YOUR TASK: Within the listing below, give again exactly the lines between the one containing "Военные возлагают венки к памятнику" and the one containing "Captura de pantalla", inclusive, pictures left aside.
*** LISTED ENTRIES ***
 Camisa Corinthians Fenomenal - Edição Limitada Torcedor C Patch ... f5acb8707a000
***
*** LISTED ENTRIES ***
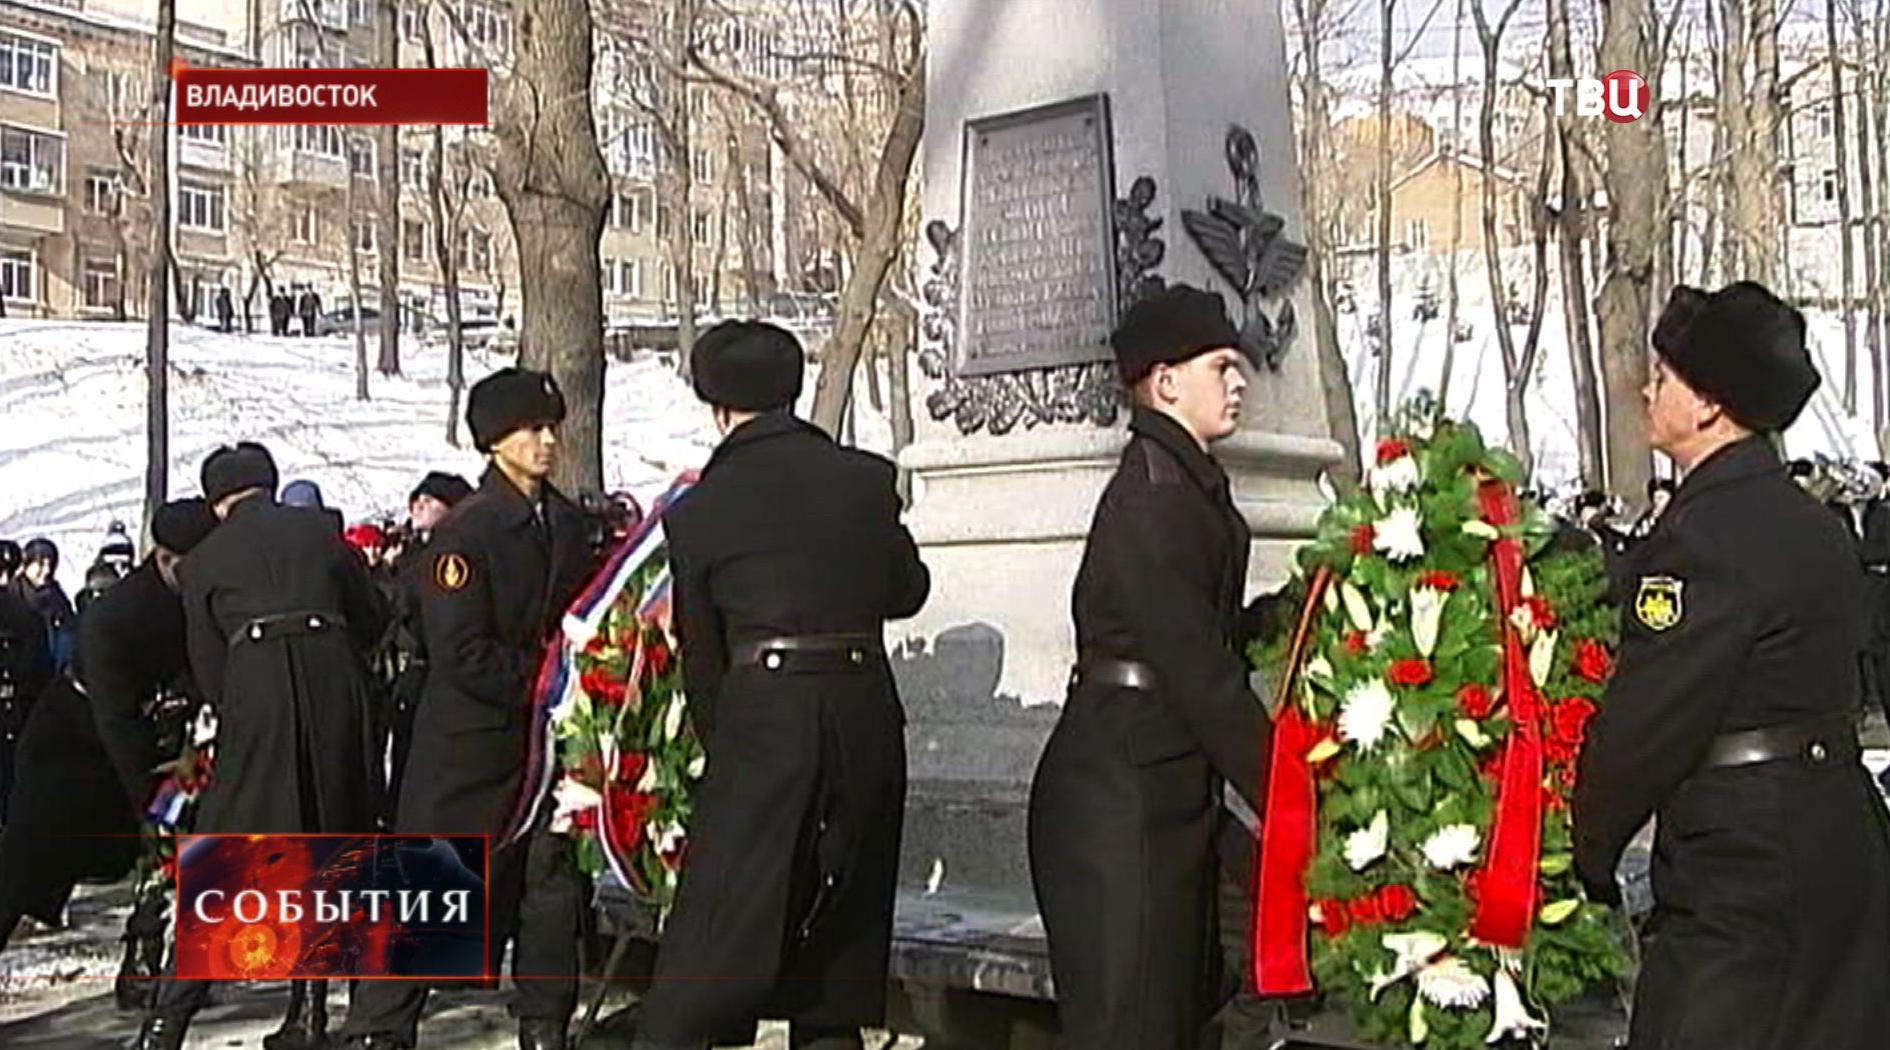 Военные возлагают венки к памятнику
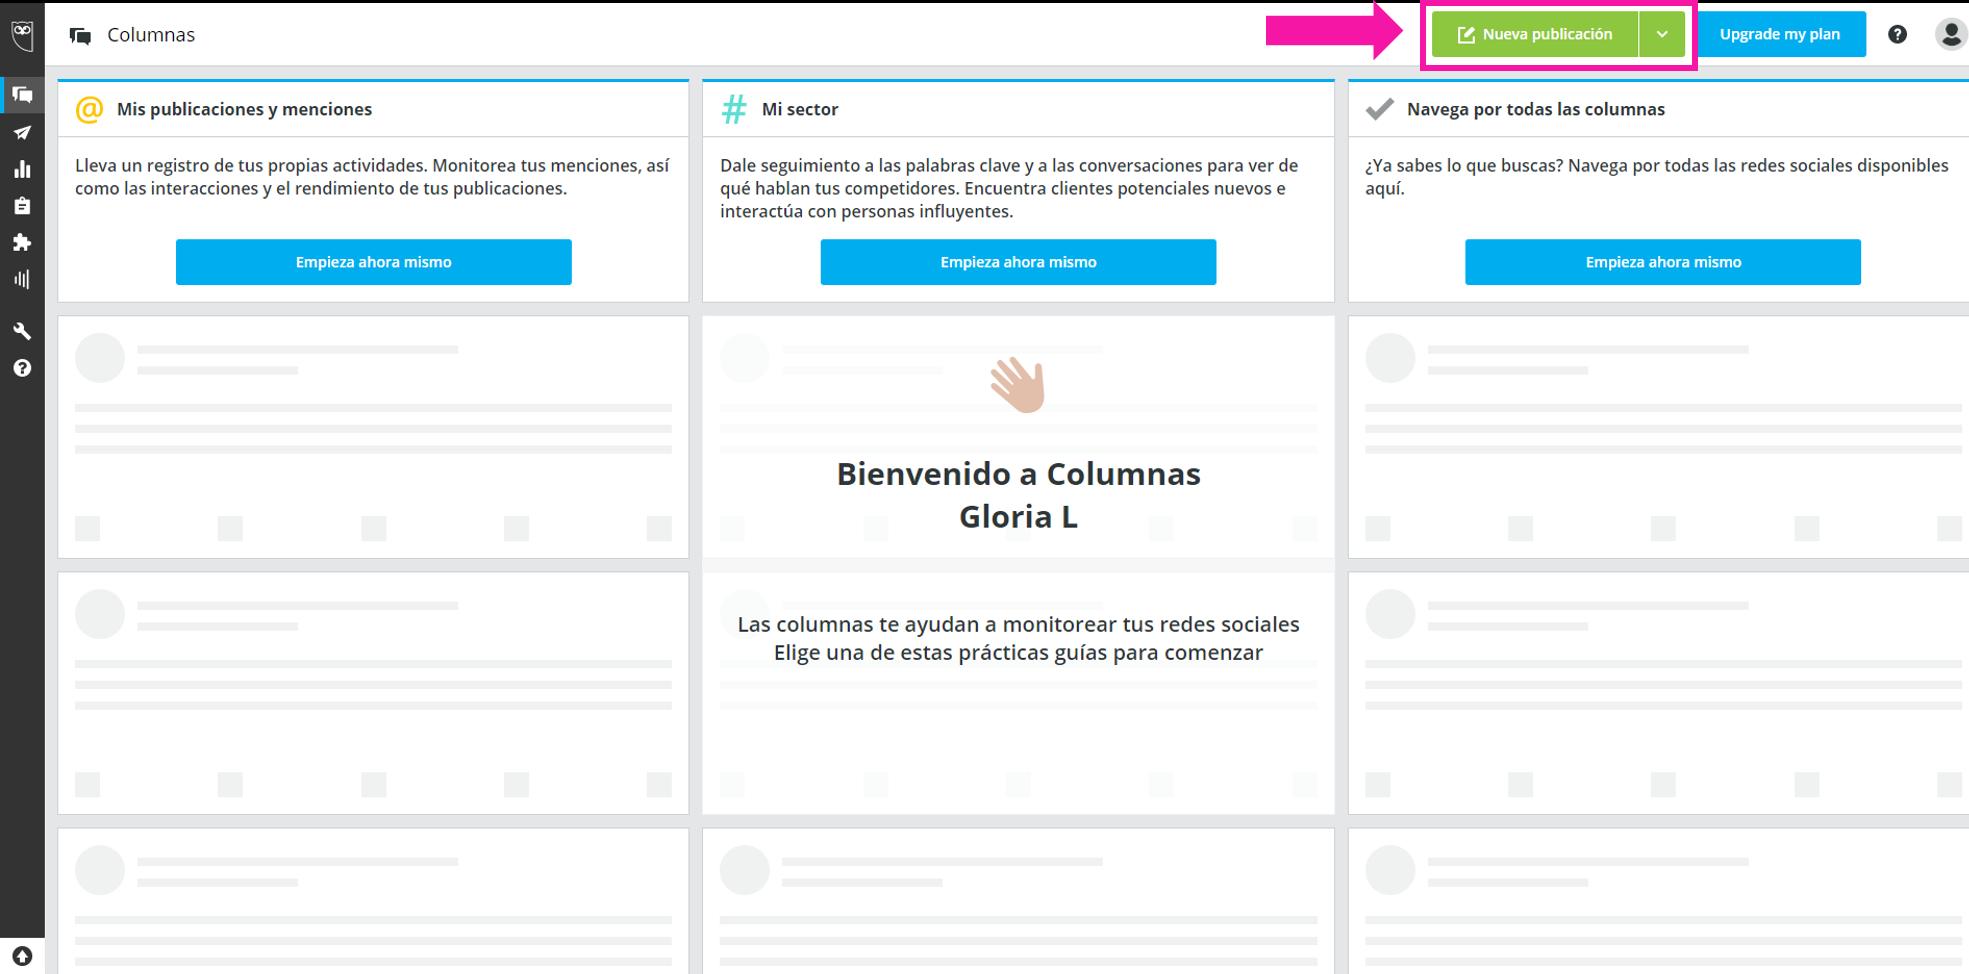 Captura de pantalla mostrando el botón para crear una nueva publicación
***
*** LISTED ENTRIES ***
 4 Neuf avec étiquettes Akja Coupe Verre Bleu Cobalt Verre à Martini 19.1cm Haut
***
SOLUTION TO THIS TASK:
 Военные возлагают венки к памятнику
 Captura de pantalla mostrando el botón para crear una nueva publicación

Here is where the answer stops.